Holm and I exchanged a bewildered expression. No matter how long I did this job, something always managed to come along and surprise me. The sheer stupidity of it all really was staggering. Surely they had to know that this Jackson character would be a prime suspect in their son’s kidnapping. But then again, after what they’d been through, I doubted they had much time or wherewithal to think or reason much at all, and I couldn’t really blame them for that. I remembered being told that they’d even been sedated earlier since they were so distraught.

We took all the biological father’s details from Curt and Annabelle, and Dr. Osborne comforted them some more, which was interesting to watch since she didn’t strike me as the nurturing type. In the end, she just ended up giving them each some pills and telling them to get some rest and that we’d talk to them some more later.

Then the three of us reconvened in the nearest interrogation room, leaving an officer with the parents in case they came up with any more spontaneous revelations to share about their home life.

“You see that a lot?” Holm asked as soon as the interrogation room door closed behind us, jutting his thumb back in the direction of Curt and Annabelle.

“More often than you’d think,” Osborne sighed, sinking back into the chair nearest to the door as Holm and I made our way around to the other side of the interrogation table. “Though even I have to say that this is a bit extreme.”

“Families often withhold important details in these scenarios?” I asked, arching an eyebrow at this. “You’d think they’d say anything that might help them get their kid back.”

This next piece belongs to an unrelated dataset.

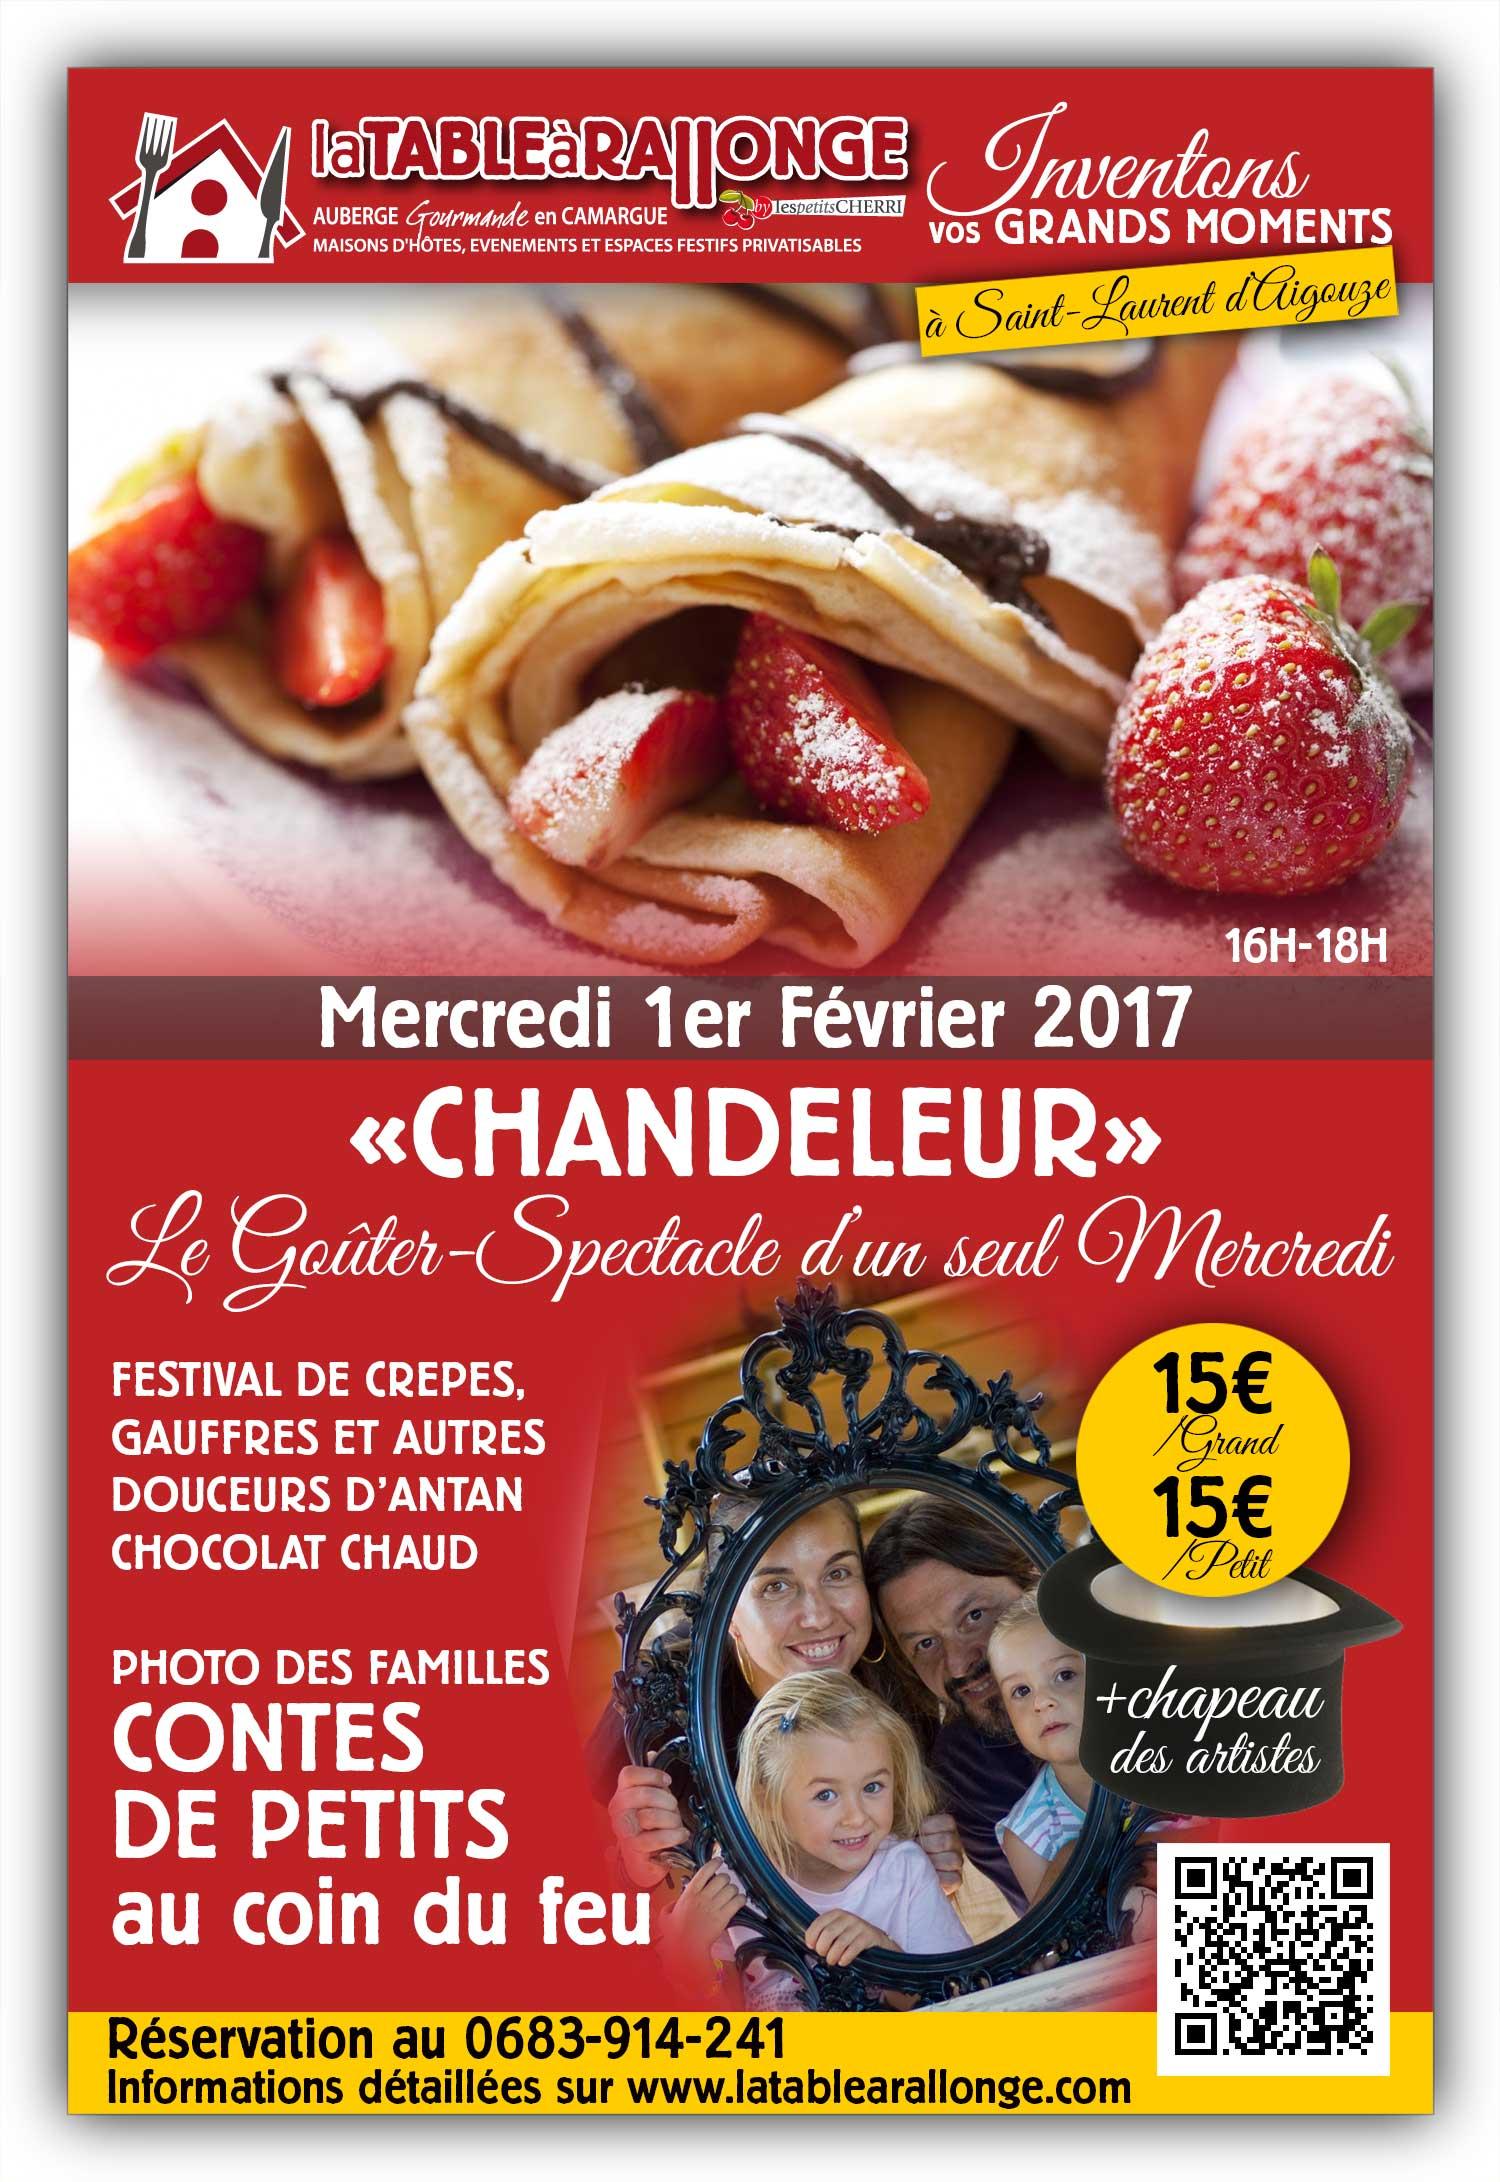 Goûter spectacle Chandeleur en Camargue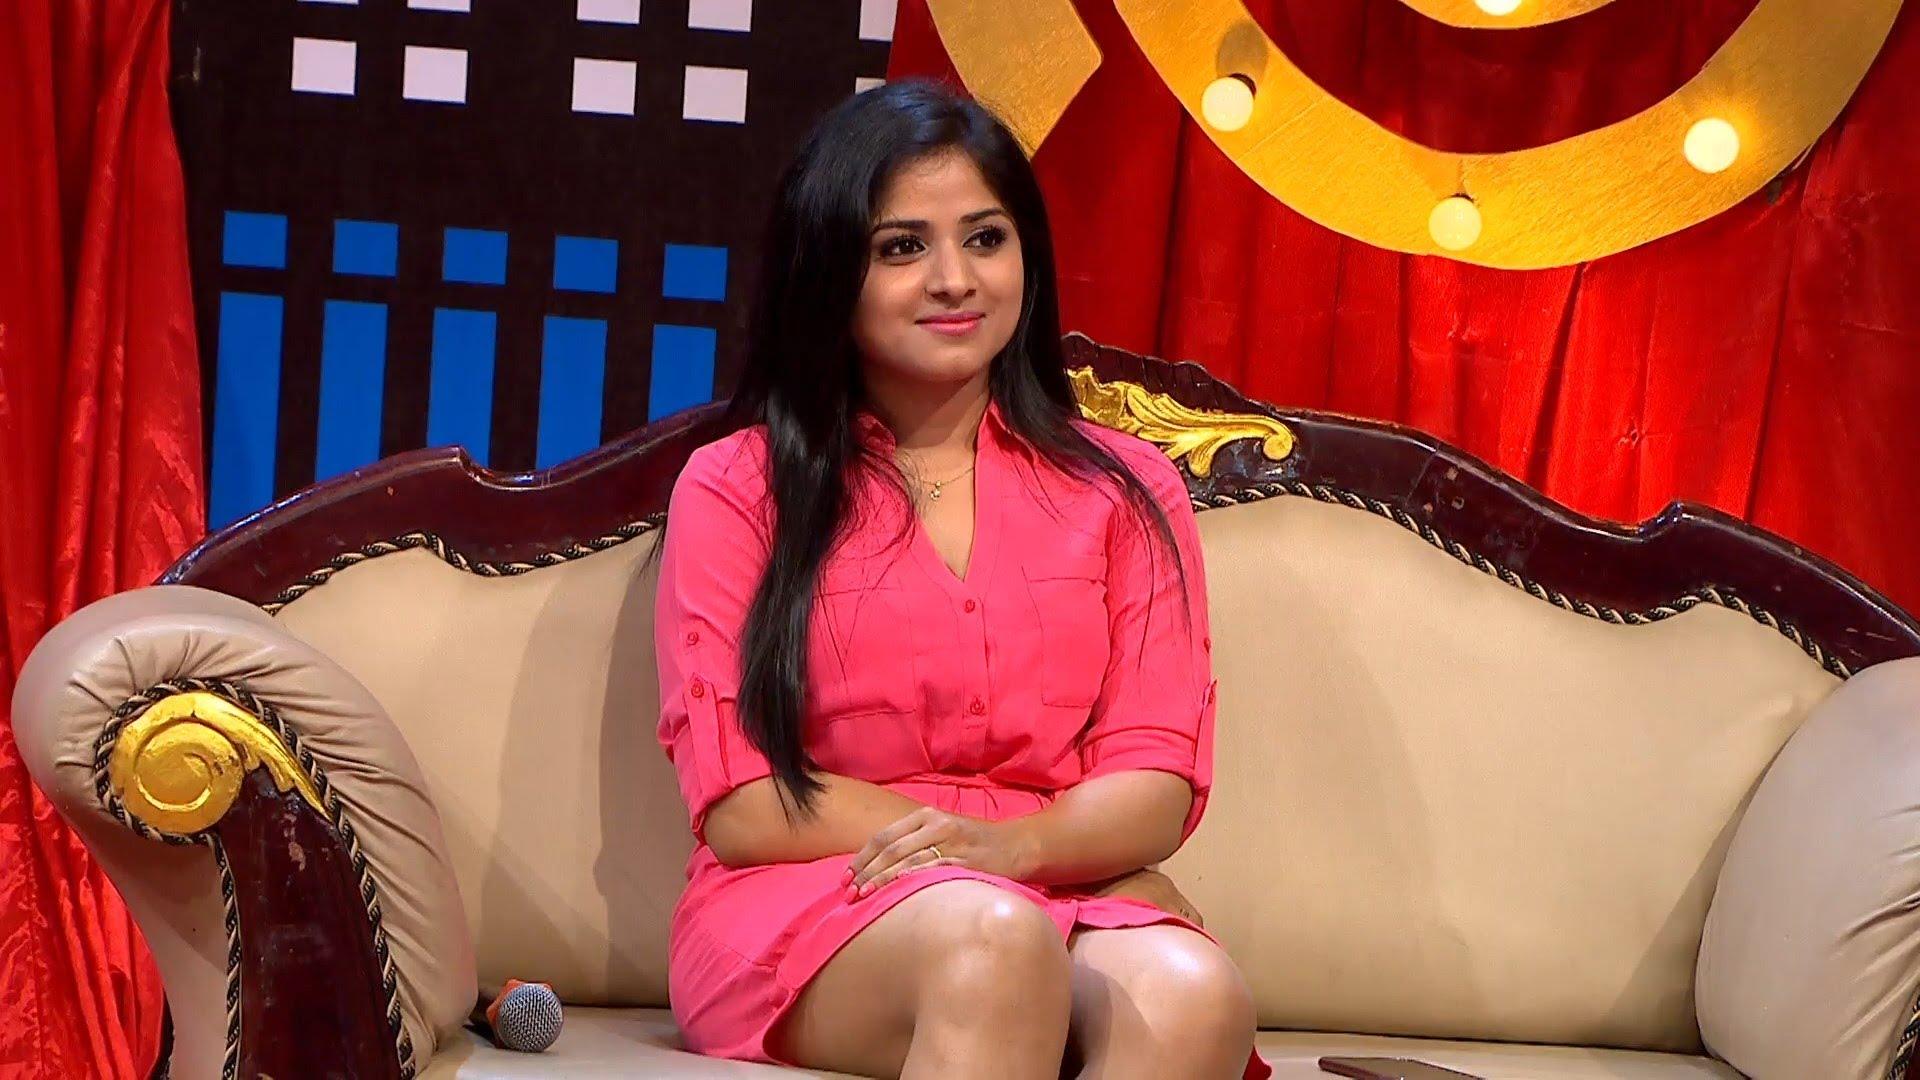 Hot Looking Actress Chandini Sreedharan in MGR Pandian Movie

“It’s not that simple,” Osborne said, shaking her head. “Of course, they want their child returned to them, more than anything. But there’s also often a lot of shame about losing a kid like this, especially in plain sight, when the parents were supposed to be watching them. I doubt any of it’s conscious, but it’s not exactly surprising that sometimes they’ll withhold important details to make themselves look better, or seem like a more rock-solid family, and rationalize it away as if those details couldn’t actually be important to the investigation.”

“I assume we’re all in agreement that this Jackson character should be the focus of our investigation?” Holm asked, squinting down at the crumpled sheet of paper Curt had given him. “Hell, the kid could be halfway to California by now.”

“Not if the Coast Guard actually saw what they think they saw,” I said thoughtfully. “Unless they’re planning to sail all the way around Mexico to get there.”

“I doubt they’ll be heading to California at all if the biological father did take the boy,” Osborne remarked. “He’ll have to know we’ll come after him, eventually. Going back home won’t do him any good. He’ll want to hide out somewhere, even adopt new identities, if this was planned at all.”

“You think it might not have been planned?” Holm asked.

“These are often impulse abductions,” Osborne said with a nod. “Say the bio father shows up and tries to meet his son again, only to find them gone. A neighbor tells them where they went, and he goes after them. Maybe he takes a friend with him or hires someone to make it seem like a stranger abduction. So sort of planned, but still on impulse.”

“I imagine that this all could explain some discrepancies in the case,” I said, nodding slowly. “This Jackson fellow could be the man in the mask, and the other guy could be a friend or a hired gun. We’ll have to check and see if he has any weapons registered to him in California, or even in Georgia if the whole thing really was that impulsive. Then see if the weapon matches the one on the video if he has one. I suppose he could’ve bought it illegally, though.”